Penyebabnya baru jelas diketahui setelah robetson, kernohan, tiffin, chandler dan faber
pada tahun 1940 menemukan bahwa penyebab penyakit hirschprung primer adalah
gangguan peristaltis usus dengan defisiensi ganglion di usus bagian distal. Menurut
bodian dkk kondisi aganglionosis pada penyakit hirshprung bukan disebabkan oleh
kegagalan perkembangan inervasi parasimpatik ekstrinsik melainkan disebabkan oleh
lesi primer yang menyebabkan ketidakseimbangan autonomik yang tidak dapat dikoreksi
dengan simpatektomi. Dari kondisi ini Swenson terdorong untuk mengembangkan
prosedur bedah definitif penyakit hirschprung dengan mengangkat segmen aganglion
disertai dengan preservasi sfingter anal(Kartono, 2004)

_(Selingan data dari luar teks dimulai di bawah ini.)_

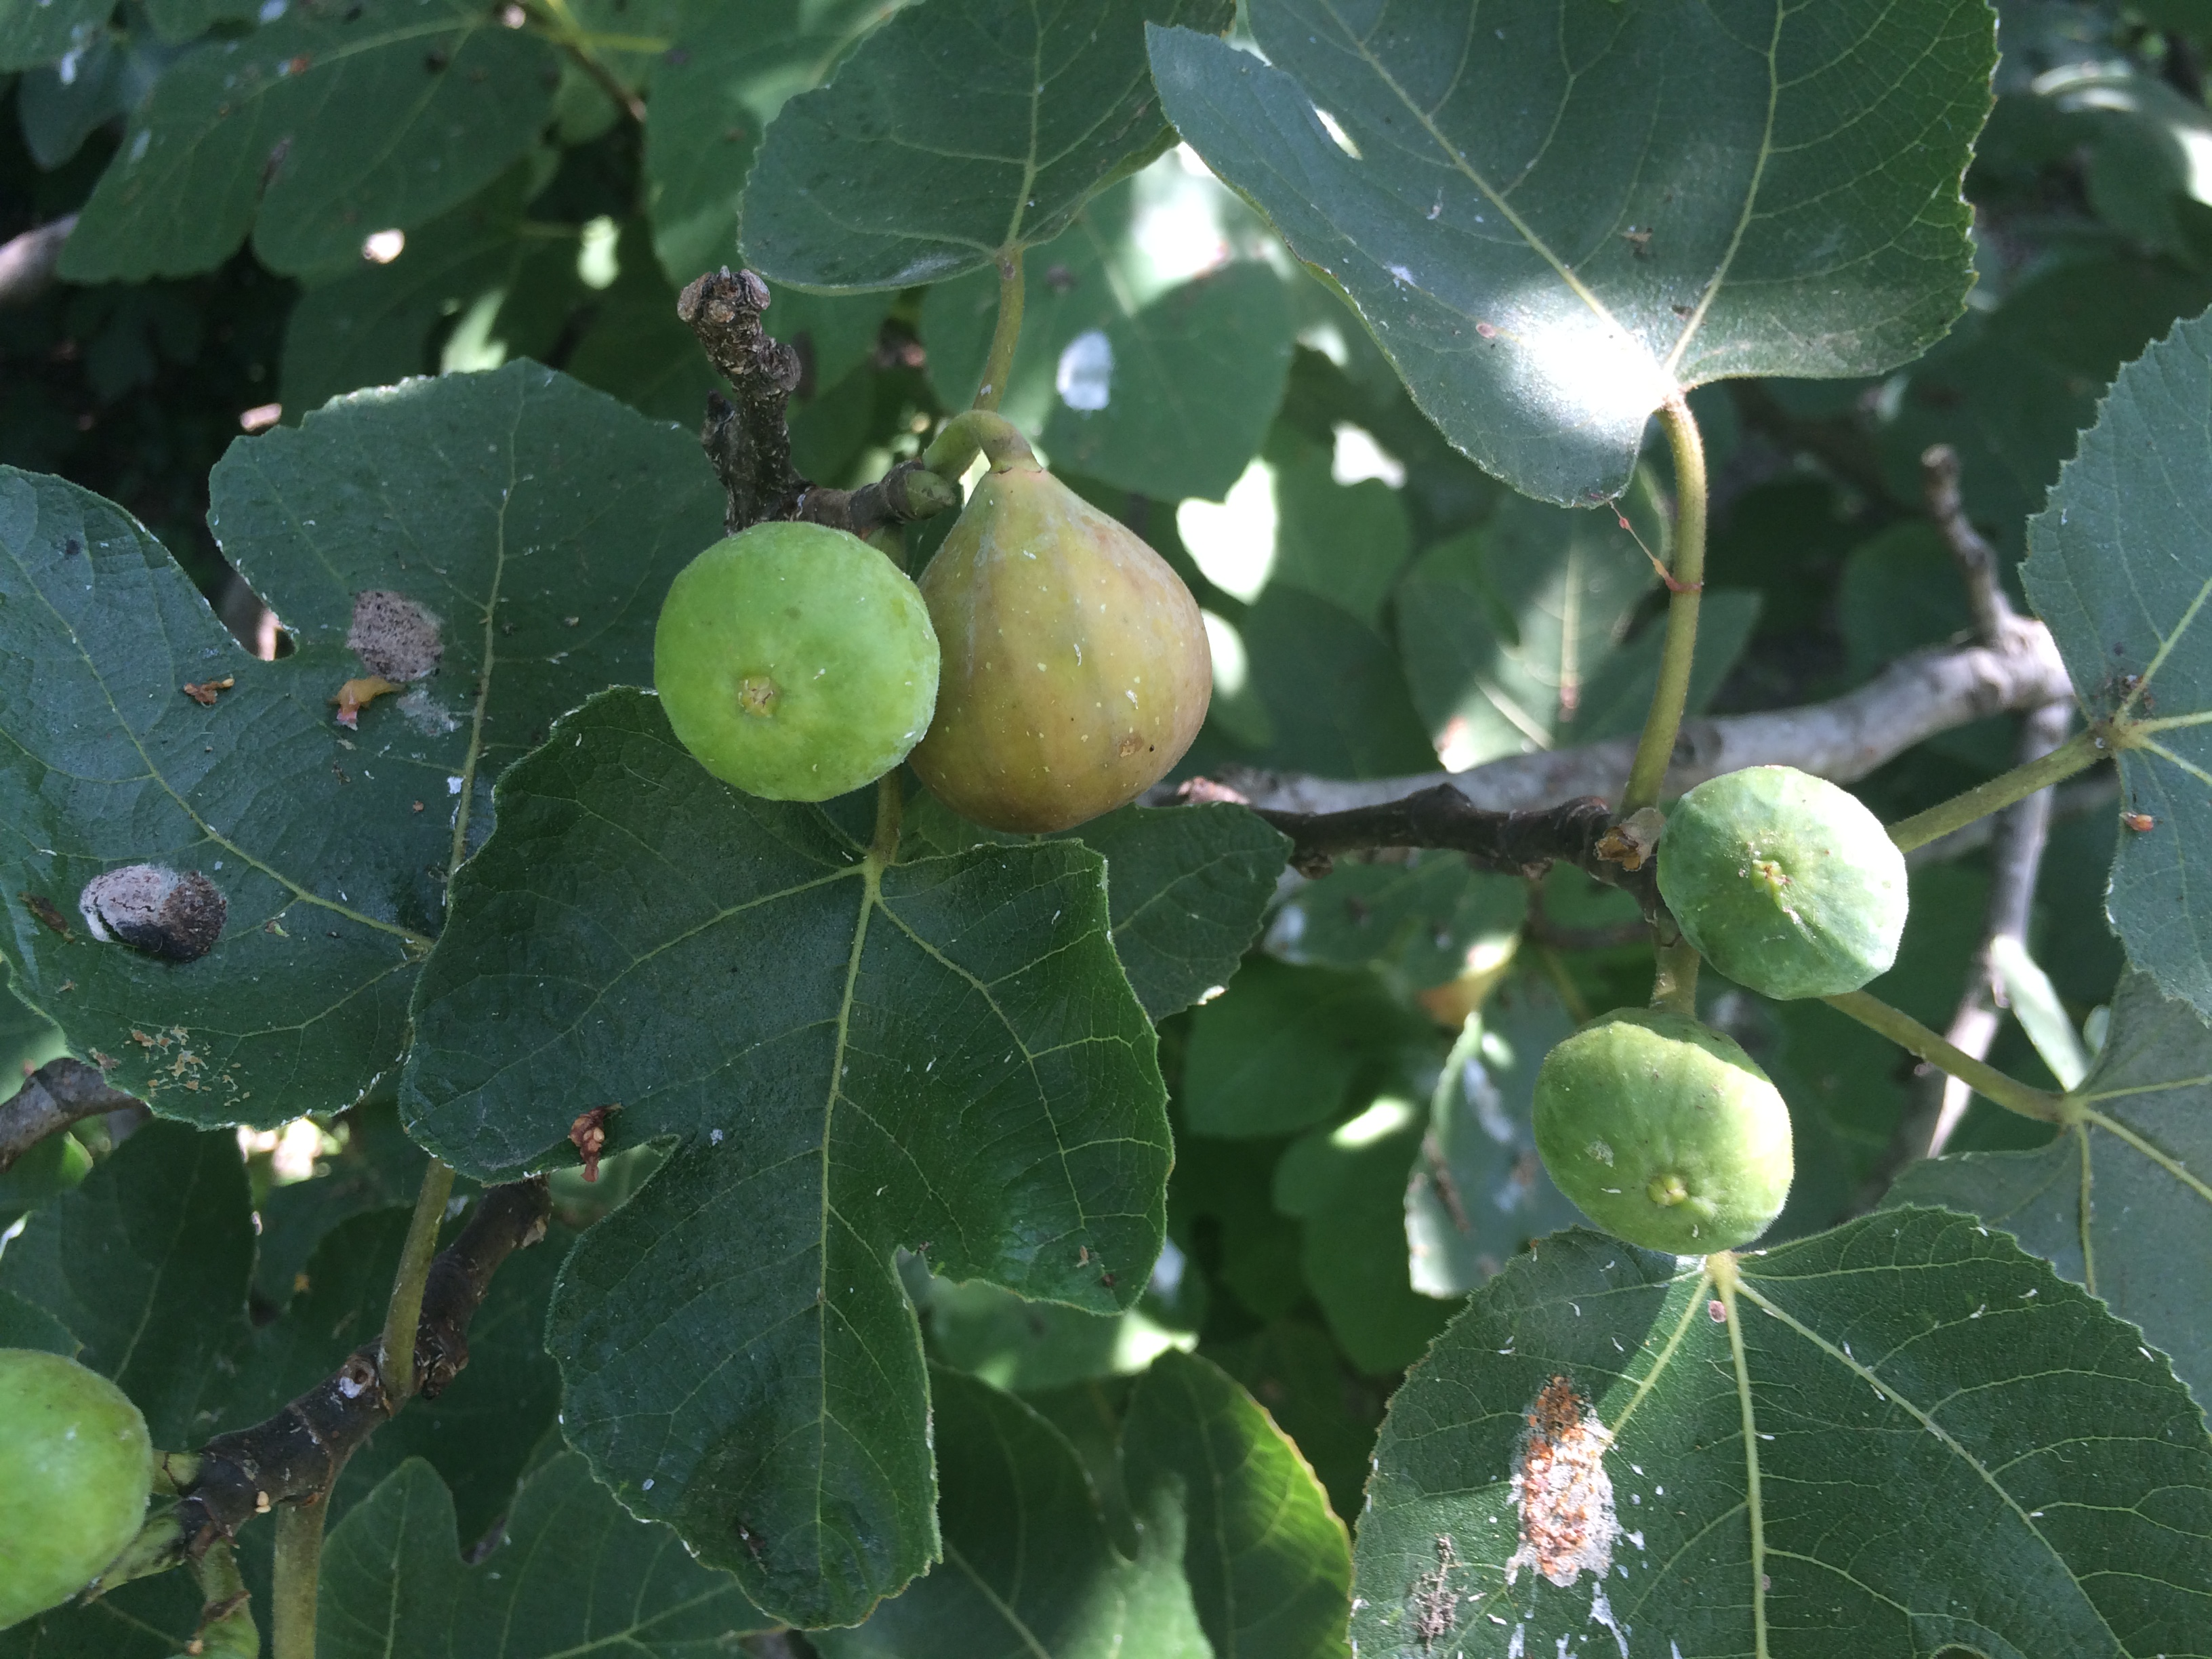 Fresh figs on tree

Faktor genetic diduga menjadi salah satu penyebab terjadinya penyakit hisprung,
dimana terdapat kelainan pada kromosom 13q22, 21q22 dan 10q, mutasi gen Ret proto-
oncogen pada keluarga dengan penyakit hisprung serta kontribusi dari beberapa gen
seperti glial cell-derived neurotrophic factor, endhotelin-B receptor dan endothelin-3 yang
berpengaruh pada kejadian hisprung.
Selain karena faktor genetik, beberapa kondisi pada anak dapat menjadi
penyebab terjadinya penyakit hisprung seperti kondisi down syndrom dimana pasien
dengan down syndrom 5-15% mengalami trisomy kromosom 21. Sedangkan kondisi lain
yang juga berpengaruh yakni, waardenburg syndrom, tuli kongenital, malrotasi, gastric
diverticulum, dan atresia intestinal.
4. patofisiologi
Persarafan parasimpatik yang tidak sempurna pada bagian usus yang aganglionik
mengakibatkan peristaltik abnormal, konstipasi dan obstruksi usus fungsional. Di bagian
proksimal dari daerah transisi terjadi penebalan dan pelebaran dinding usus dengan
penimbunan tinja dan gas yang banyak.
Betz, Cecily, dkk. 2002. Buku Saku Keperawatan Pediatrik, Edisi 3. Jakarta : EGC.